The Daily Bulletin. “When people talk about a cycle in prices, they imply that prices go up for a while, eventually get too high and then fall back some. It might be true in some areas of the business world, but it doesn’t apply to California home prices.”
“‘People want to be here, and people need places to live,’ said Jack Kyser, chief economist with L.A. County Economic Development Corp. ‘That’s why prices will always go up here - because it’s California.’”
“‘I can’t imagine the median in the High Desert ever being below $200,000 again,’ said High Desert builder Todd Tatum. ‘There is no price cycle. If you look at a graph, it would look like a stairstep, going up, flattening off, going up, flattening off.’”
The Press Enterprise. “Just north of Interstate 210 sits one of this city’s marquee developments — the ‘Beverly Hills of Fontana’ as one resident recently described it.”
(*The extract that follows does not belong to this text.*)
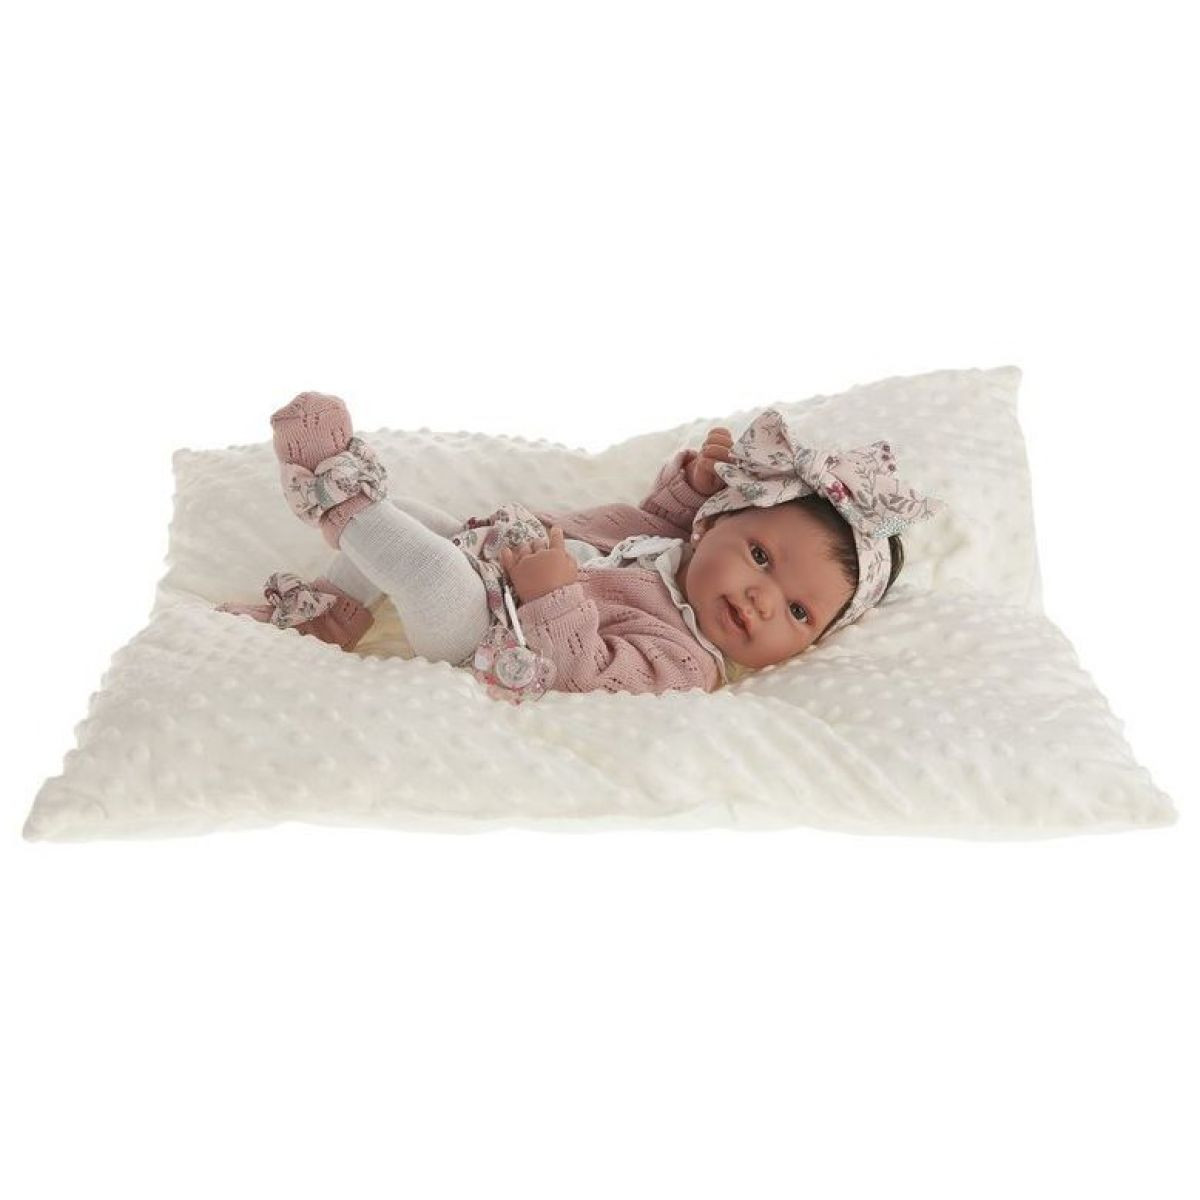 Antonio Juan 5036 Pipa realistická panenka miminko s celovinylovým tělem 42 cm

“And like other areas with vast tracts of new development, Fontana and the Sierra Lakes community are now bearing the brunt of the slumping housing market. Thousands of foreclosures are recorded in the area each month.”
“‘Where there is boom there is now bust,’ Fontana Councilwoman Janice Rutherford said in an interview.”
“In Sierra Lakes, the southwest corner of the 700-acre development had the highest density of foreclosures and defaults in the city during the second quarter, according an analysis of foreclosure data by The Press-Enterprise. Property values are dropping by more than 10 percent in some parts of the development, the San Bernardino County tax assessor’s office reported.”
“A large plywood sign propped against the garage door of one Sierra Lakes home begs someone to come to the homeowner’s aid. ‘Help!’ reads the sign in orange-neon paint. ‘Going to foreclosure.’ The sign says the home is worth $530,000 but will sell for $440,000, scratched down from $450,000.’”
“‘We are barely holding on here,’ said Jean Beauford, who bought into Sierra Lakes three years ago and has seen her monthly mortgage payment jump from $1,641 to $2,500 because of an adjustable interest rate.”
“Kevin Parhm’s girlfriend bought into Sierra Lakes about a year ago. Parhm said the housing crisis will only get worse. ‘If you had a pulse, you could get a loan,’ Parhm said, pointing to house after house on the street that is now vacant.”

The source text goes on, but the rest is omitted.